* _Information provided_:
BEGIN
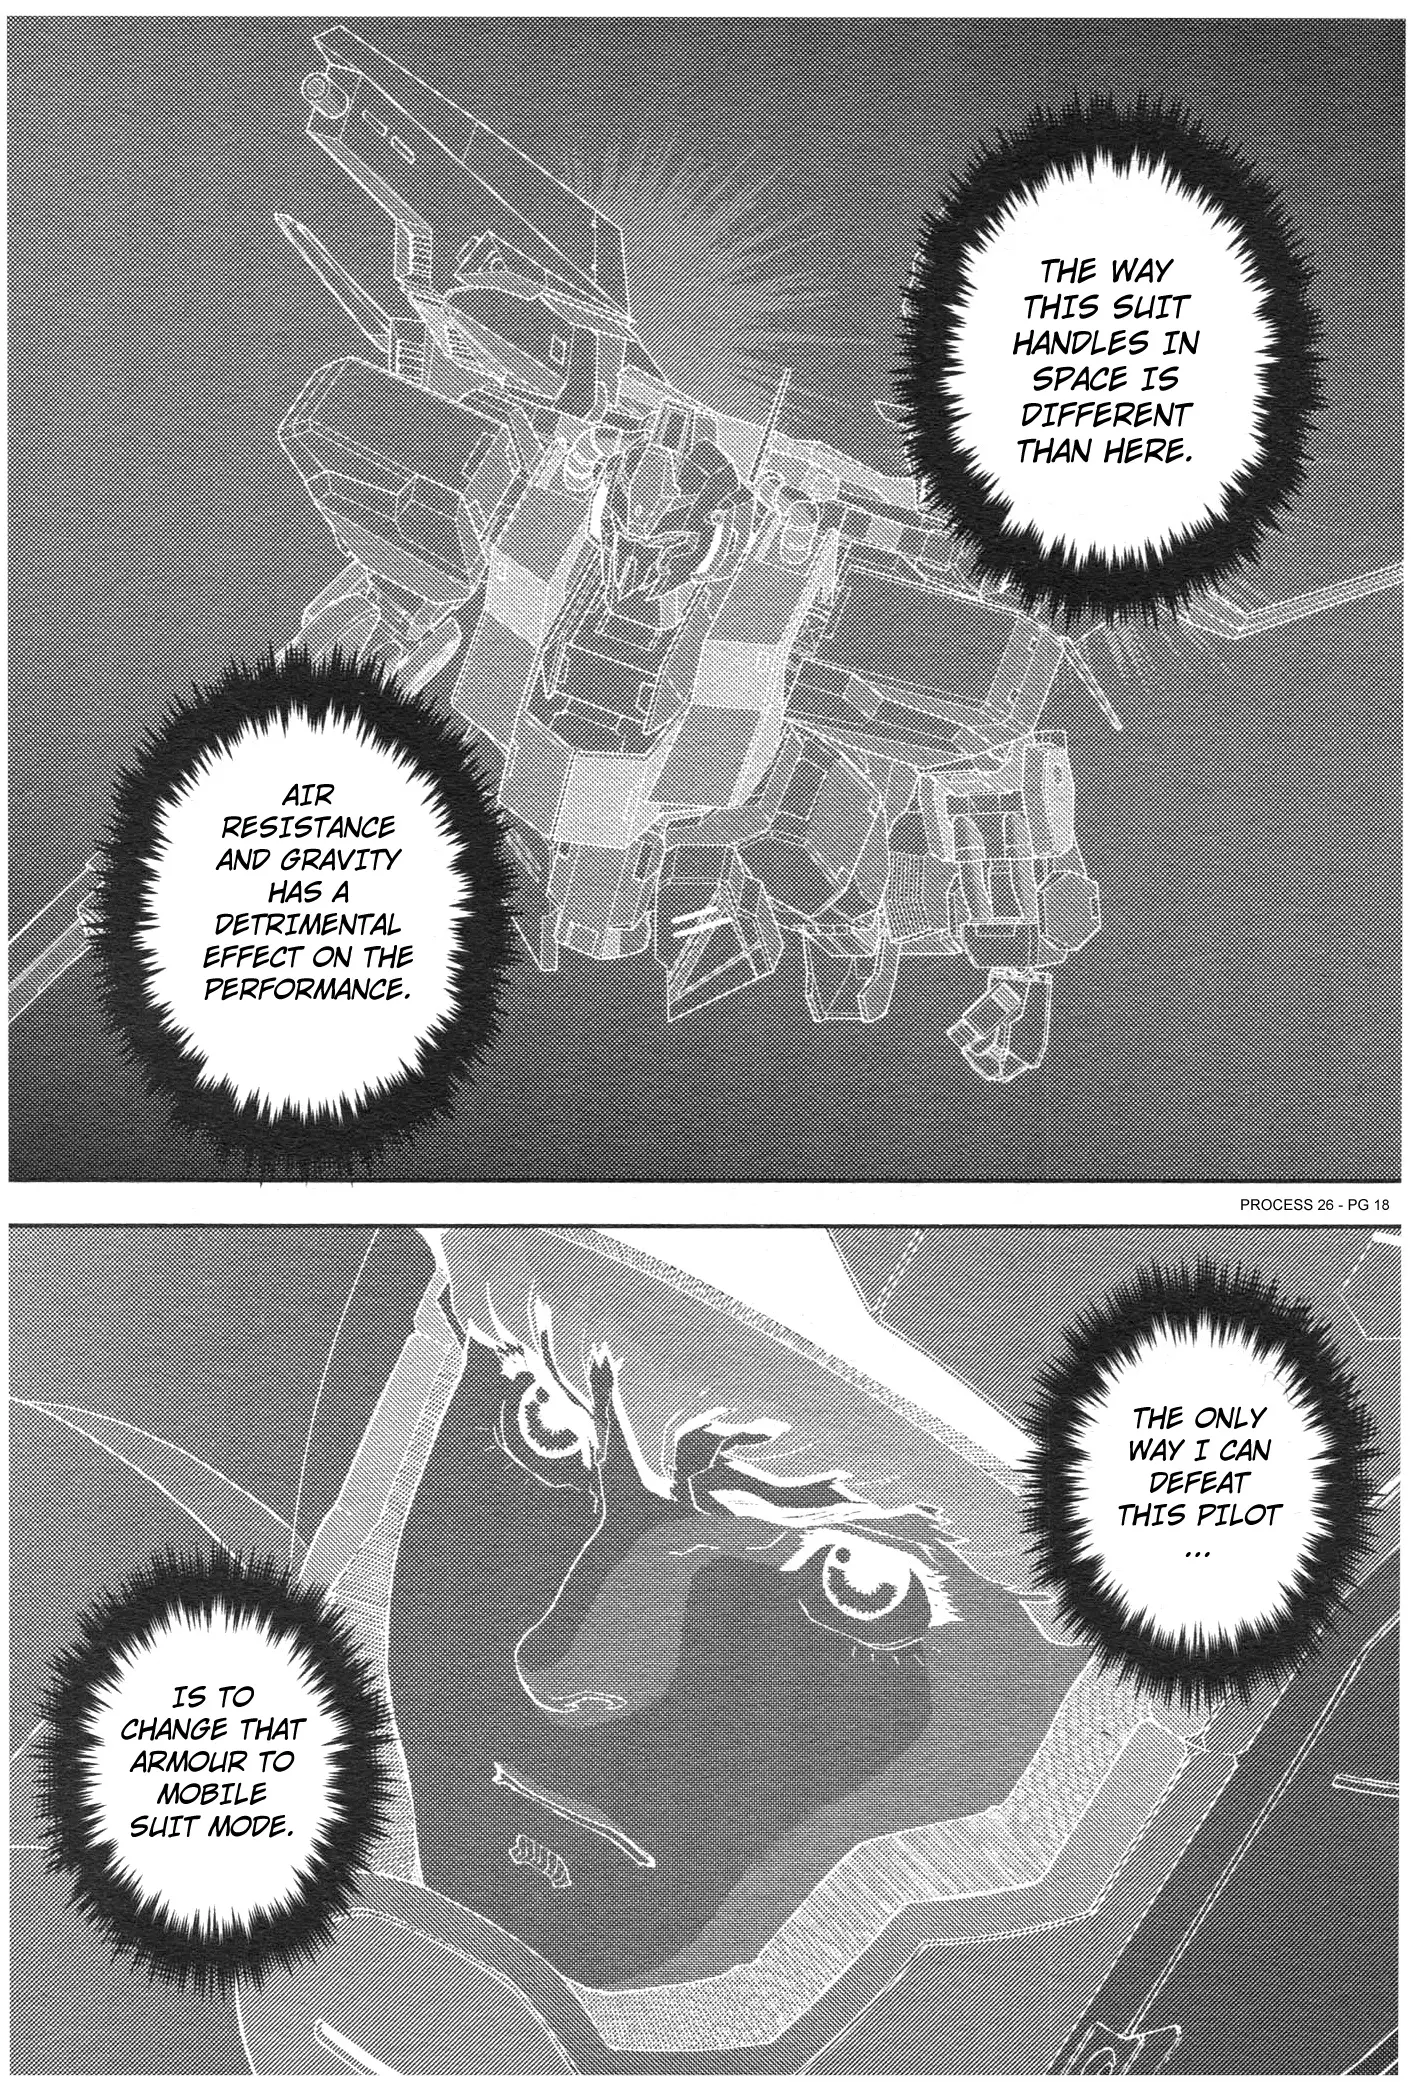 Mobile Suit Zeta Gundam - Define - 75 page 18-4e16fd4f
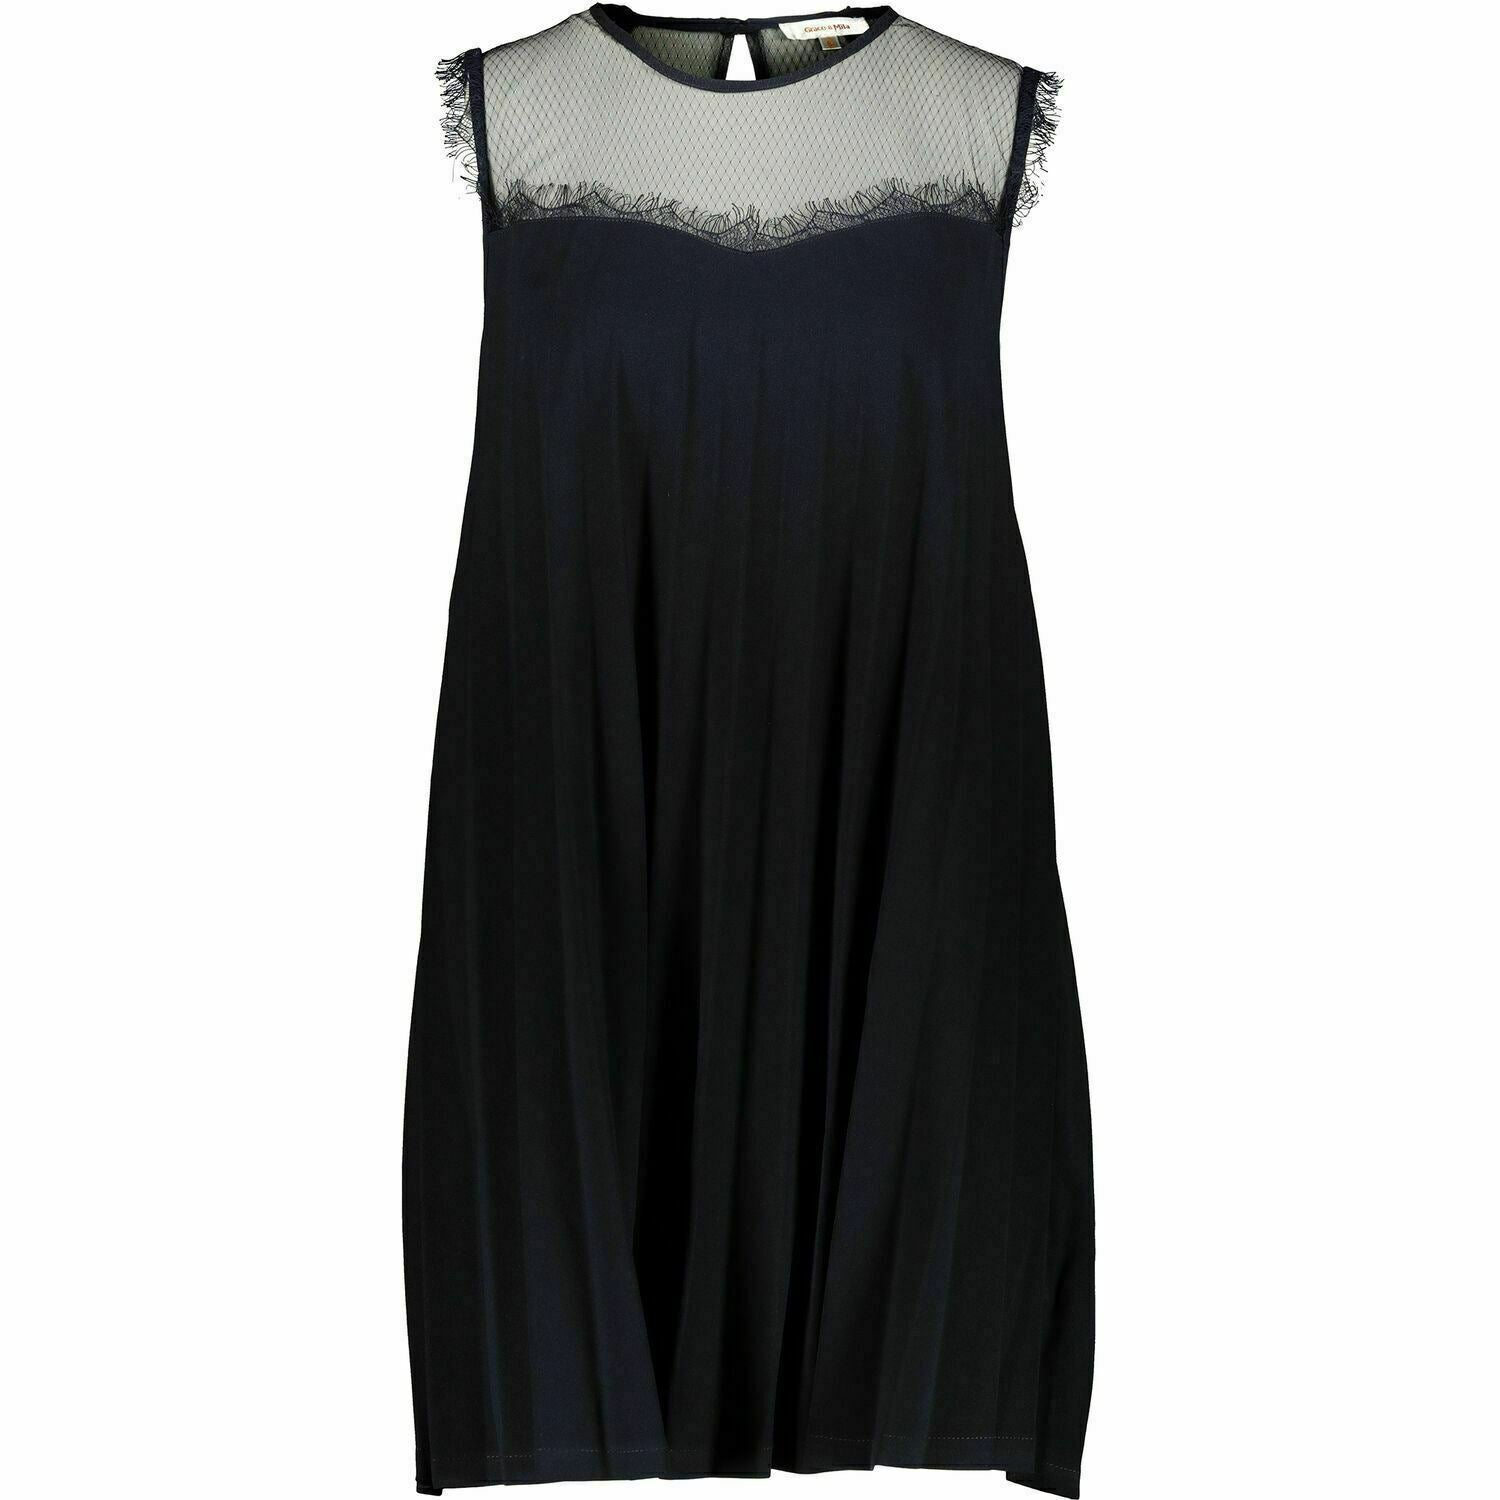 GRACE & MILA Women's Plisse Shift Dress, Navy Blue, size SMALL / UK 10
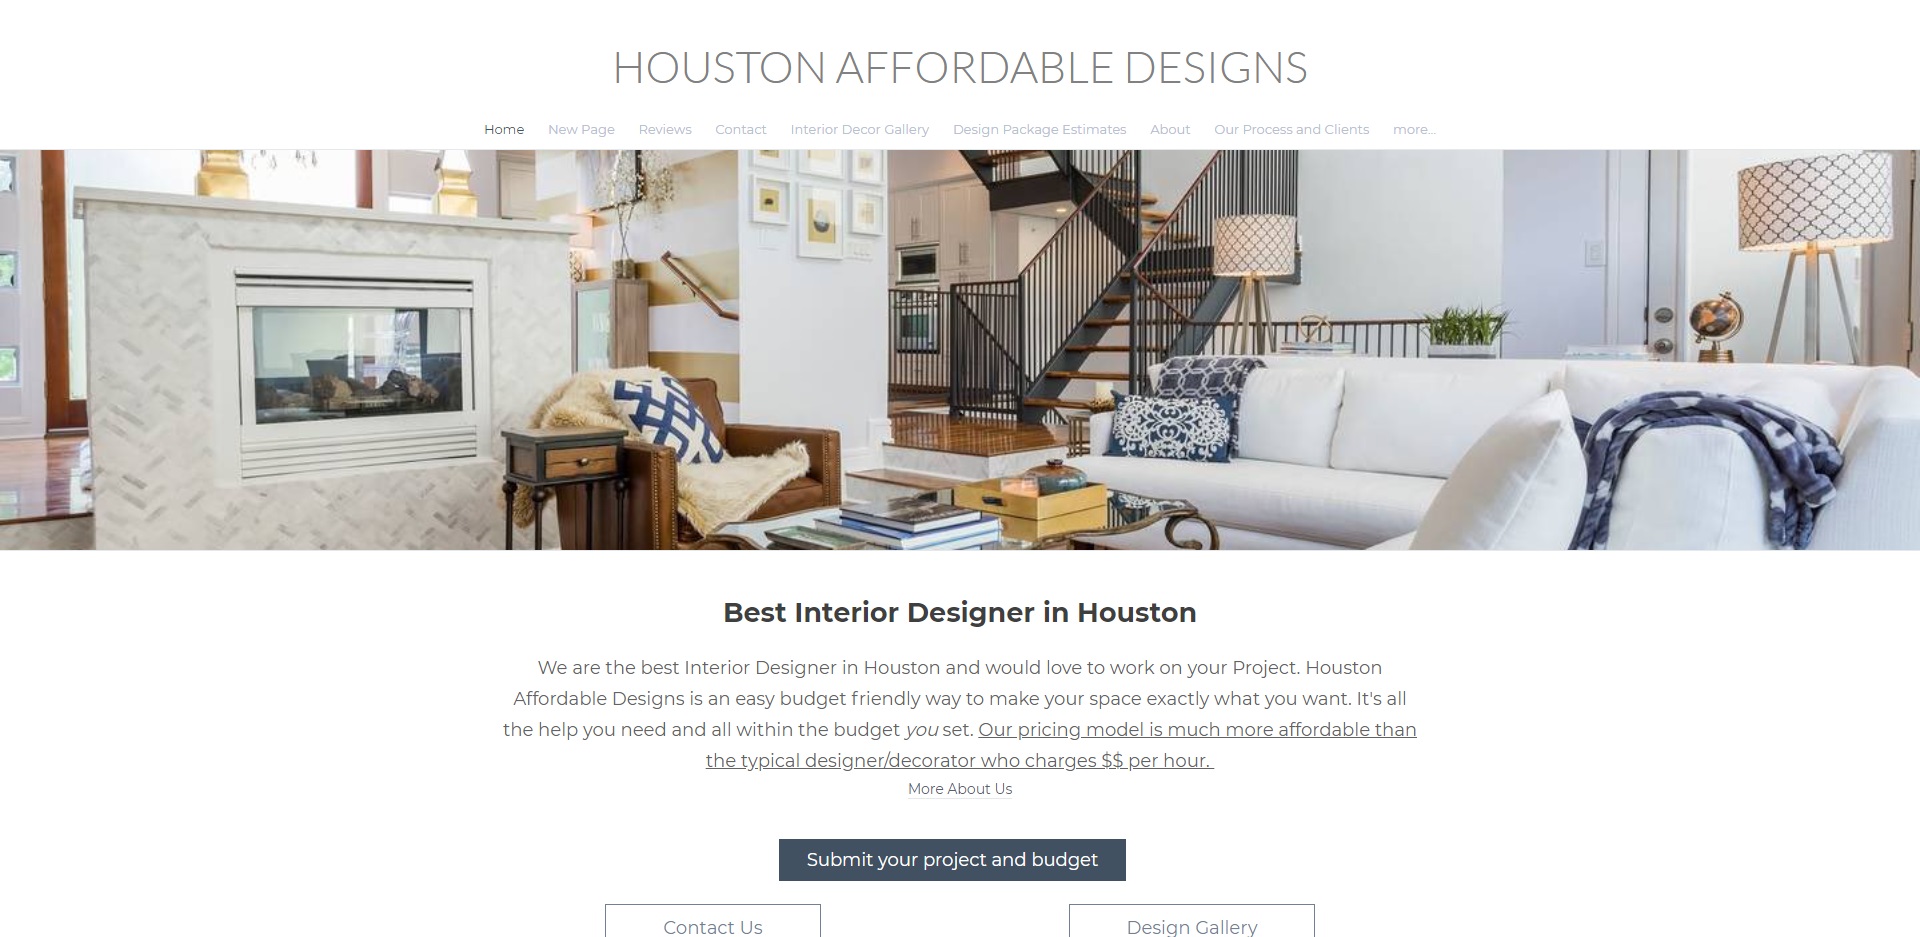 Best Interior Designers in Houston
END
Quote the full listing above word for word; exclude every picture from the copy.

 Mobile Suit Zeta Gundam - Define - 75 page 18-4e16fd4f
 GRACE & MILA Women's Plisse Shift Dress, Navy Blue, size SMALL / UK 10
 Best Interior Designers in Houston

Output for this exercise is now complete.